Clashes erupted after two dozen hunger-striking students were attacked by rivals. Police had to use force to disperse several thousand students marching on the campus supporting of the strikers. As the state of the hunger strikers worsened, at least six were forcibly taken to hospitals by authorities.

University authorities ordered the campus shut indefinitely and ordered students to vacate dormitories by the end of the day. “The situation had deteriorated to such an extent with students cutting telephone and electricity lines, there was no choice but to shut the university indefinitely,” Vice Chancellor Ali Murtoza told reporters.

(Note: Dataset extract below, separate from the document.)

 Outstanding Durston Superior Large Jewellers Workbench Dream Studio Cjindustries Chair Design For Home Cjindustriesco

The student agitators are pressing for the arrest of those responsible for the murder of a female student in June, allegedly by members of the student front of the ruling Bangladesh Nationalist Party (BNP). A number of people have already been arrested in connection with the murder.

Like elsewhere in the Subcontinent, students are deeply involved in politics in Bangladeshi universities and colleges. All major political parties have their student outfits. It is a legacy of the freedom movement in the Subcontinent when students were encouraged to come to the streets against the alien rulers. After independence political parties started using students for their own narrow interests.

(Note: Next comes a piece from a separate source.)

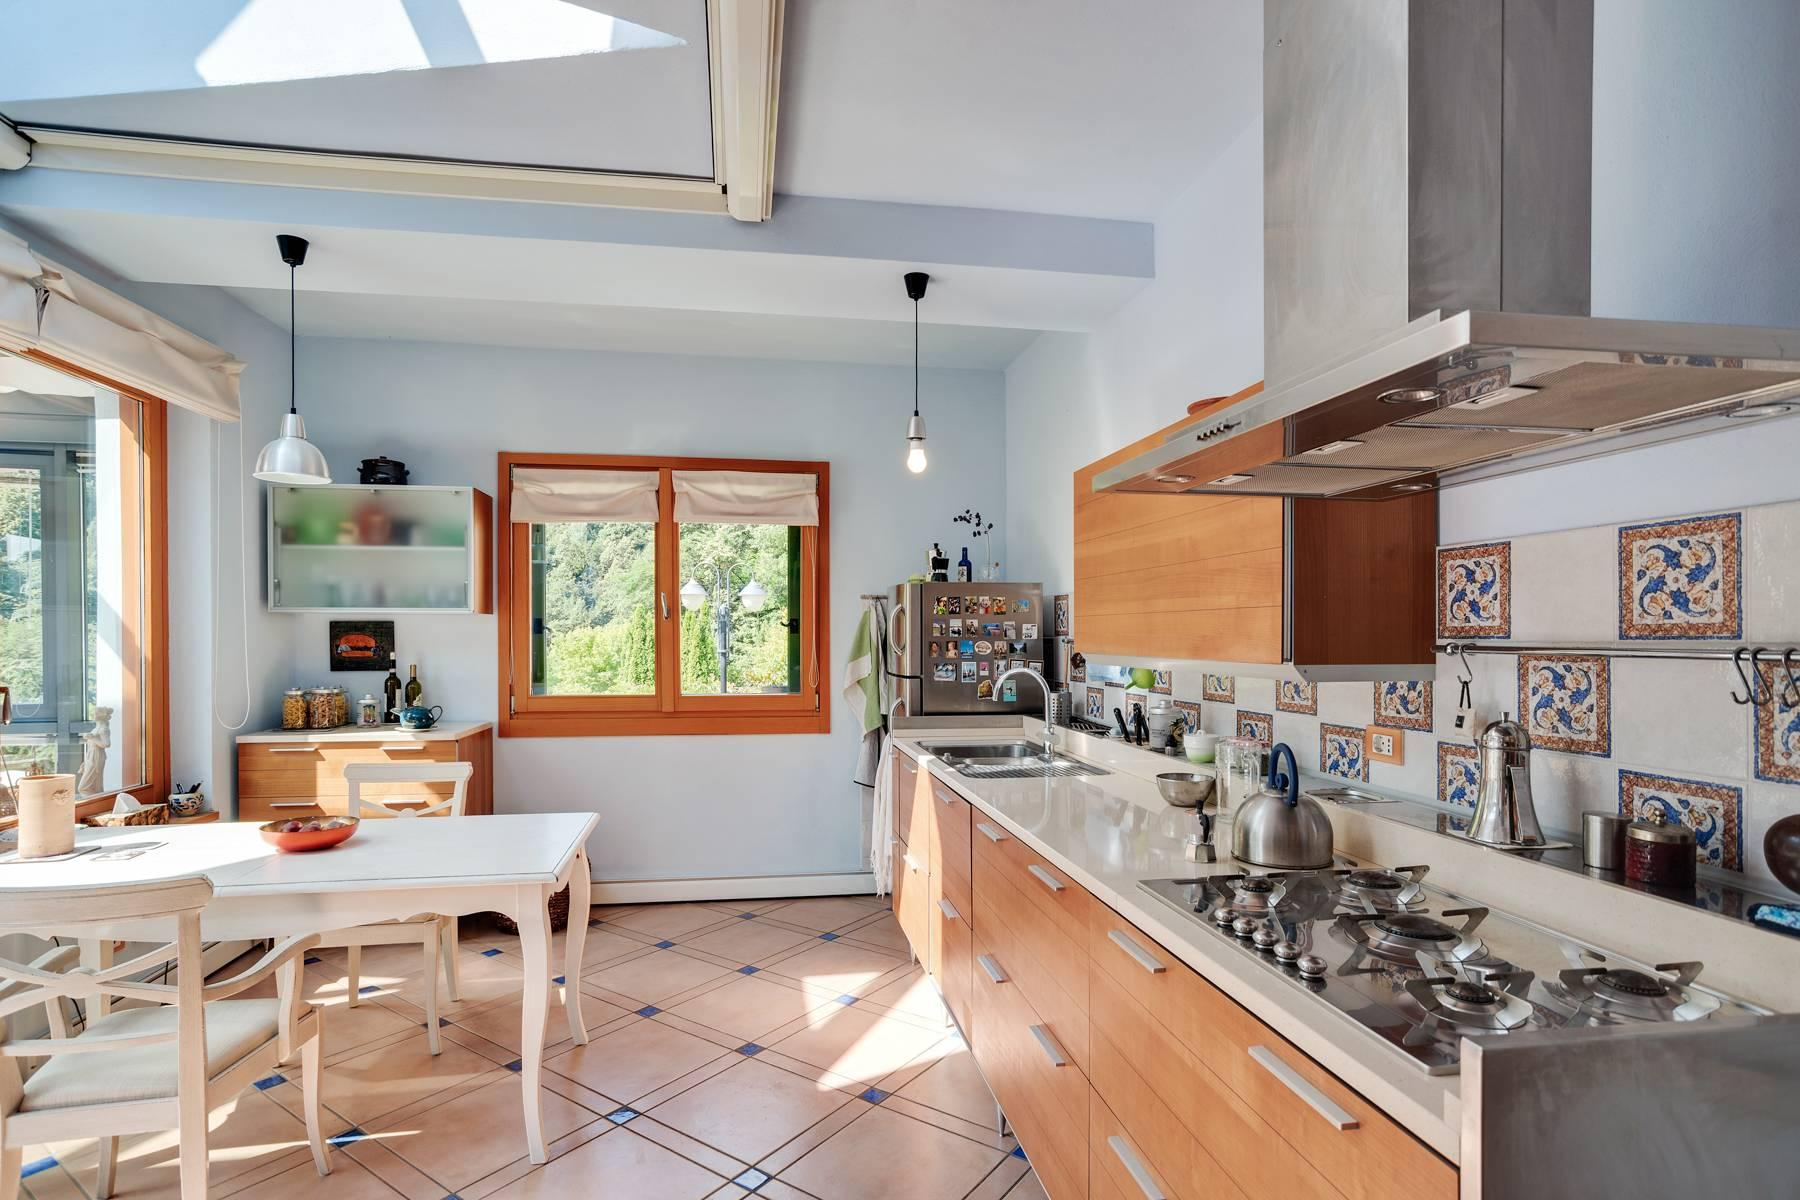 Splendida villa moderna sulla collina soleggiata sopra Argegno - 21

Early this month Bangladesh witnessed a country-wide one-day strike. It was called by the main opposition party, Awami League, on September 1. Nearly 50 people were injured in clashes with the police on that day in two Bangladesh cities.

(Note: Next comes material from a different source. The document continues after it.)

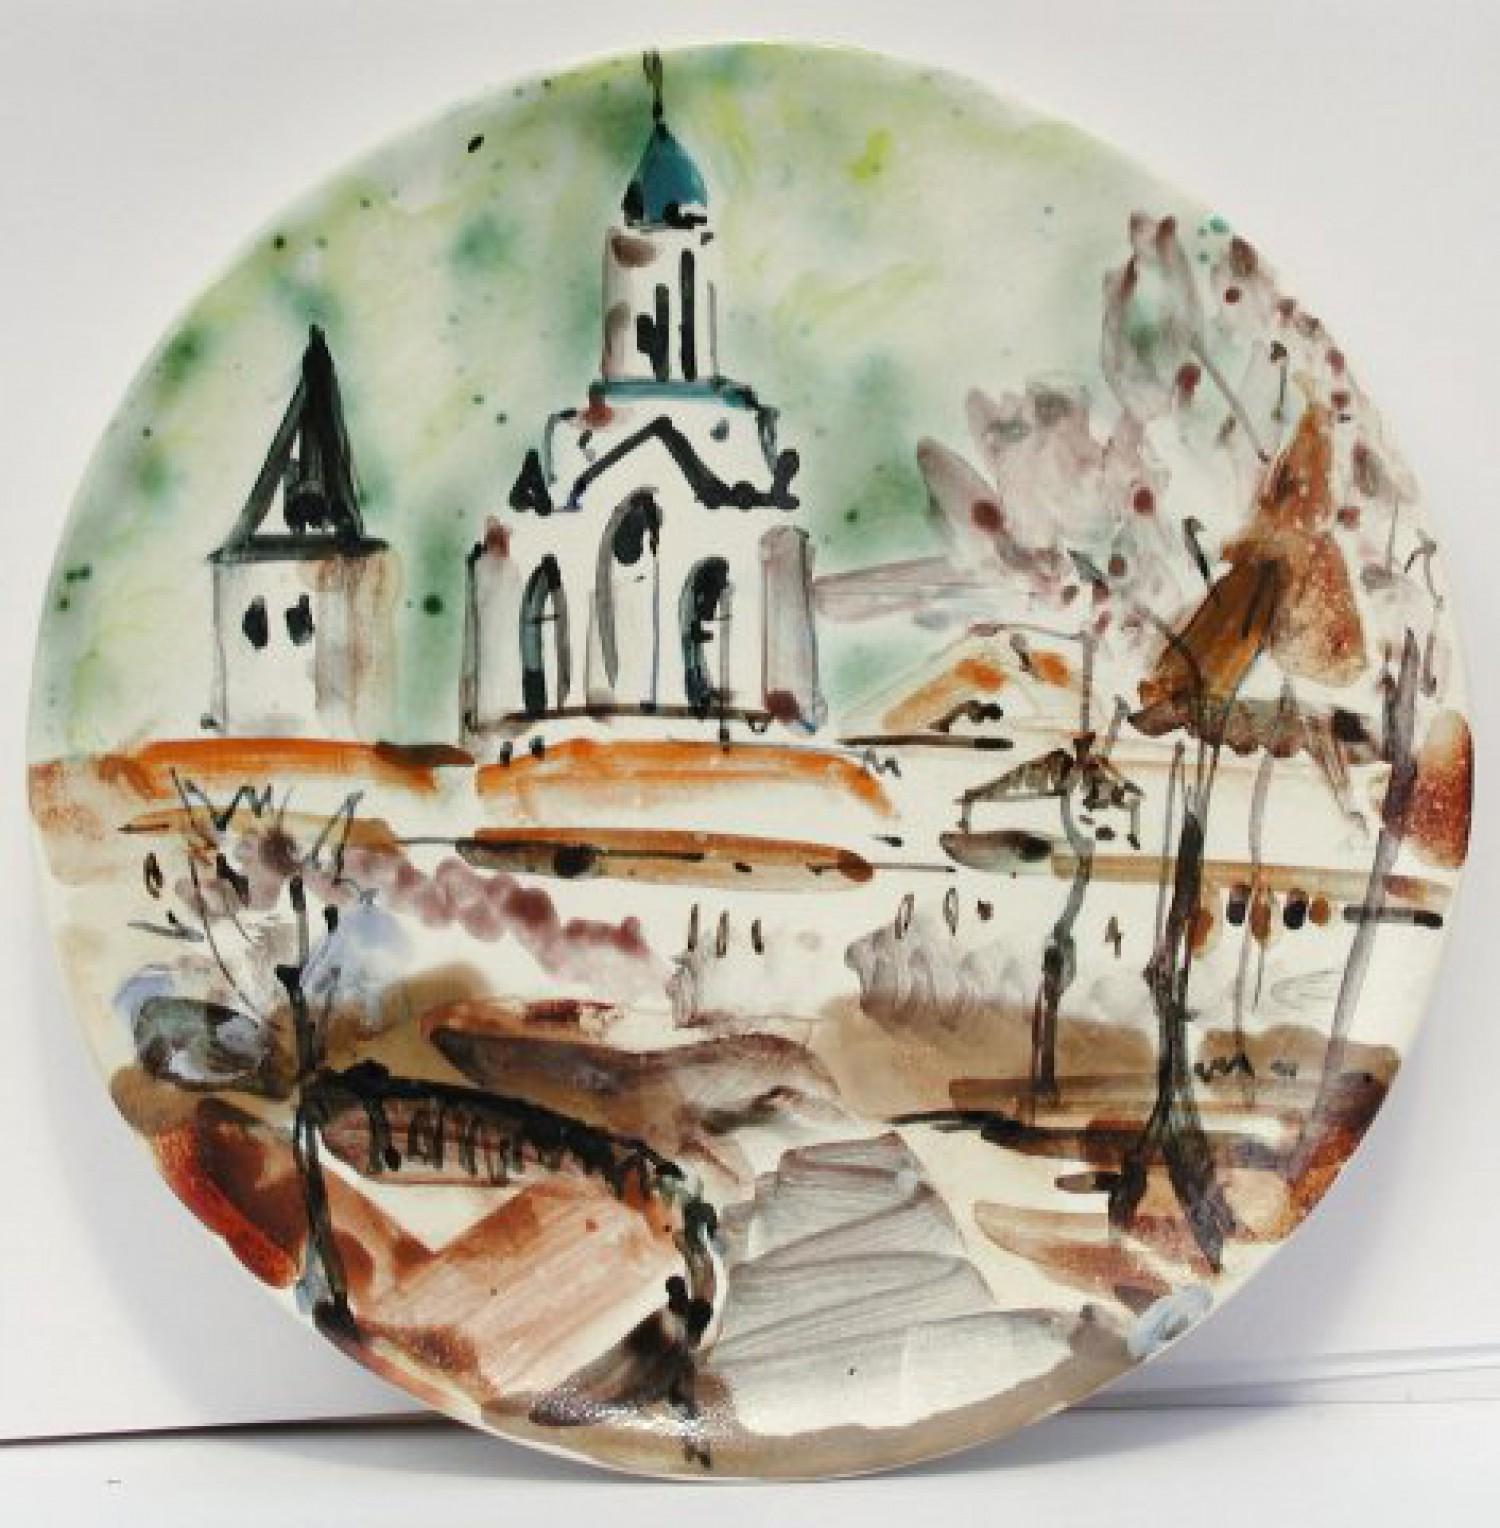 "Н.Н.Мухина. Тарелка из серии ""Ярославские мотивы». Фаянс, ангобы, соли. d 20 см. 2010 г."

According to reports around 20 activists of opposition Awami League were injured in a clash with police outside the party’s headquarters in the capital Dhaka. At least 30 others were hurt and one person was killed in fighting between activists of the Awami League and the ruling Bangladesh Nationalist Party (BNP) in the coastal town of Barguna. Clashes also took place in the city of Chittagong.

The September 1 strike was called after a mob attack on August 30 on a convoy of cars carrying opposition leader Sheikh Hasina. The opposition blamed the ruling party for arranging the attack. Hasina, who was the prime minister of Bangladesh from 1996 to 2001, lost last October’s general election to a four-party alliance headed by Begum Khaleda Zia.

A week earlier more than 100 people were injured and some 40 arrested in a fierce gunfight on August 25 between rival ruling party supporters in Bangladesh.

According to a report August 26 in the Ittefaq newspaper, clashes erupted in the Munshiganj district near Bangladesh between groups supporting rival candidates of the ruling Bangladesh Nationalist Party (BNP) in forthcoming local elections. The gun fight left more than 100 people injured, including 30 who were hit by bullets.

Violence and strikes over political disputes and charges of persecution of rivals by ruling parties have been a routine feature in impoverished Bangladesh.

Business leaders have said the country loses more than $60 million in lost production and export for each day of a strike.